Geometric/Trigonometric Observation/Exercise
Source
Problem
Let $M\,$ be a point on the minor arc $\overset{\frown}{BC},\,$ of the circumcircle $(ABCD)\,$ of the square $ABCD;\,$ let $N\,$ lie on the minor arc $\overset{\frown}{CD}\,$ such that $\angle MAN=45^{\circ}.\,$
Define $E\,$ and $F\,$ as the intersections of $AN\,$ with $CD\,$ and $AM\,$ with $BC,\,$ respectively. Prove that
$\displaystyle \frac{CM}{AF}+\frac{CN}{AE}=1.$
Solution 1
Simple angle chasing shows that $\angle BAF=\angle FCM\,(=\alpha)\,$ and $\angle DAE=\angle ECN\,(=\beta)\,$ and, in addition, $\alpha+\beta=45^{\circ}.$
With $AC\,$ being a diameter of $(ABCD),\,$ triangles $ACM\,$ and $ACN\,$ are right.

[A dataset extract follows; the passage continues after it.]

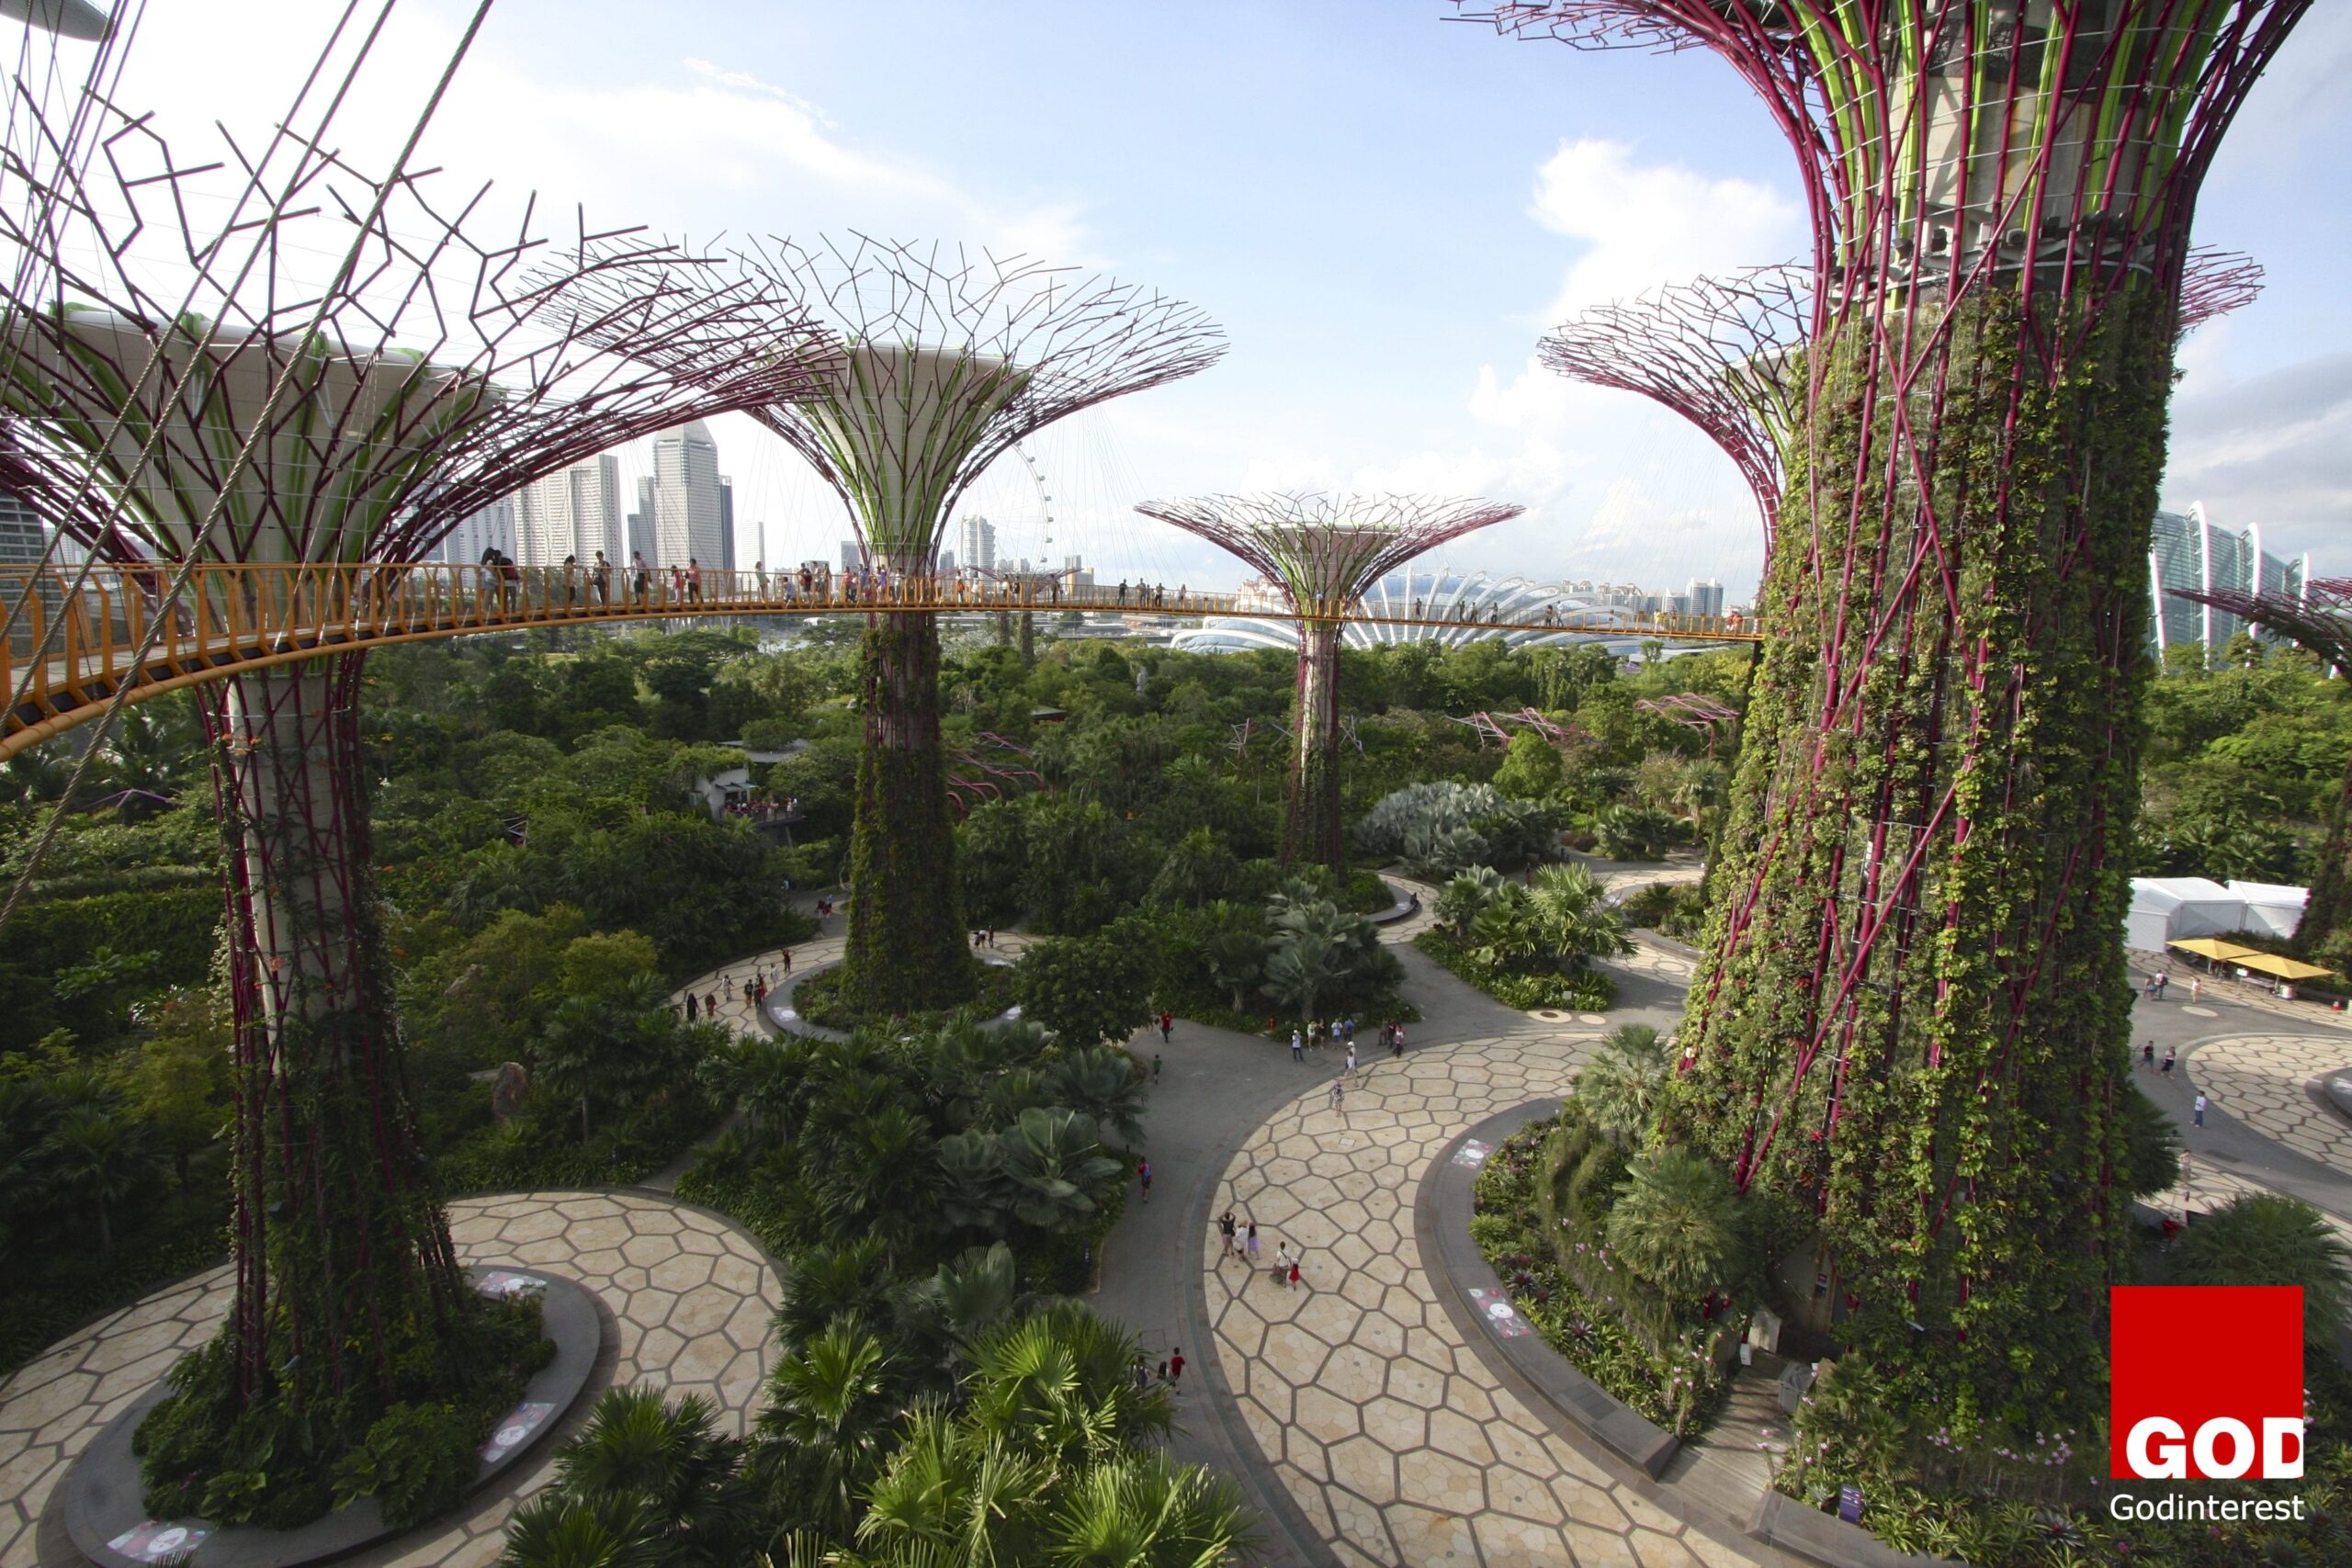 Garden of Eden is in Singapore!

We have
From $\Delta ABF,\,$ $AF=\displaystyle \frac{AB}{\cos\alpha},$
from $\Delta ACM,\,$ $CM=AC\cdot\sin\beta,$
from $\Delta ADE,\,$ $AE=\displaystyle \frac{AD}{\cos\beta},$ and
from $\Delta ACN,\,$ $CN=AC\cdot\sin\alpha.$
Also, $AB=AD\,$ and $AC=\sqrt{2}\cdot AB.\,$ Assume $AB=1.\,$ It follows that
$\displaystyle\begin{align}\frac{CM}{AF}+\frac{CN}{AE}&=\sqrt{2}\cdot\sin\beta\cos\alpha+\sqrt{2}\cdot\sin\alpha\cos\beta\\ &=\sqrt{2}\sin(\alpha+\beta)=\sqrt{2}\sin 45^{\circ}=1. \end{align}$
Solution 2
Let the side of the square be $s$, $\angle CAM=\alpha$ and $\angle CAN=\beta$. Thus, $\beta=45^o-\alpha$, $\angle BAF=45^o-\alpha$ and $\angle AFB=45^o+\alpha.\,$ Applying sine rule to triangles $ACM$ and $AFB$,
$\displaystyle \frac{1}{s\sqrt{2}}=\frac{\sin\alpha}{CM},~\frac{\sin(45^o+\alpha)}{s}=\frac{1}{AF}.$
Dividing one of the the equations by the other and rearranging,
$\displaystyle\begin{align} \frac{CM}{AF}&=\sqrt{2}\sin\alpha\sin(45^o+\alpha)=\sqrt{2}\sin\alpha\cos(45^o-\alpha), \\ \frac{CN}{AE}&=\sqrt{2}\sin\beta\cos(45^o-\beta)=\sqrt{2}\sin(45^o-\alpha)\cos\alpha.~\text{(Analogy)} \end{align}$
Thus,
$\displaystyle \frac{CM}{AF}+\frac{CN}{AE}=\sqrt{2}\left[\sin\alpha\cos(45^o-\alpha)+\sin(45^o-\alpha)\cos\alpha\right]=\sqrt{2}\sin 45^o = 1.$
Solution 3
We shall refer to the following configuration:
$\Delta ASC\sim\Delta ACT,\,$ hence,
(1)
$\displaystyle \frac{AC}{AT}=\frac{AS}{AC}.$
Further, $\angle SAC=45^{\circ},\,$ $F\,$ is the orthocenter of $\Delta ASC\,$ such that $AF=CS.\,$ Similarly, in $\Delta ACT,\,$ $AE=CT.$
(2)
$\displaystyle\Delta AMC\sim\Delta ANT\;\Rightarrow\;\frac{CM}{AC}=\frac{AE-CN}{AT}$
(3)
$\displaystyle\Delta ANC\sim\Delta AMS\;\Rightarrow\;\frac{CN}{AC}=\frac{AF-CM}{AS}$
(1)-(3) yield
(4)
$\displaystyle\frac{CM}{AE-CN}\frac{AF-CM}{CN}.$
And, after a sequence of calculations,
$AE\cdot CM+AF\cdot CN=AE\cdot AF,$
so that $\displaystyle \frac{CM}{AF}+\frac{CN}{AE}=1.$
Acknowledgment
The above problem has been posted by Miguel Ochoa Sanchez was originally posted at the Peru Geometrico facebook group and appeared on my timeline. Solution 2 is by Amit Itagi; Solution 3 is by Thanos Kalogerakis.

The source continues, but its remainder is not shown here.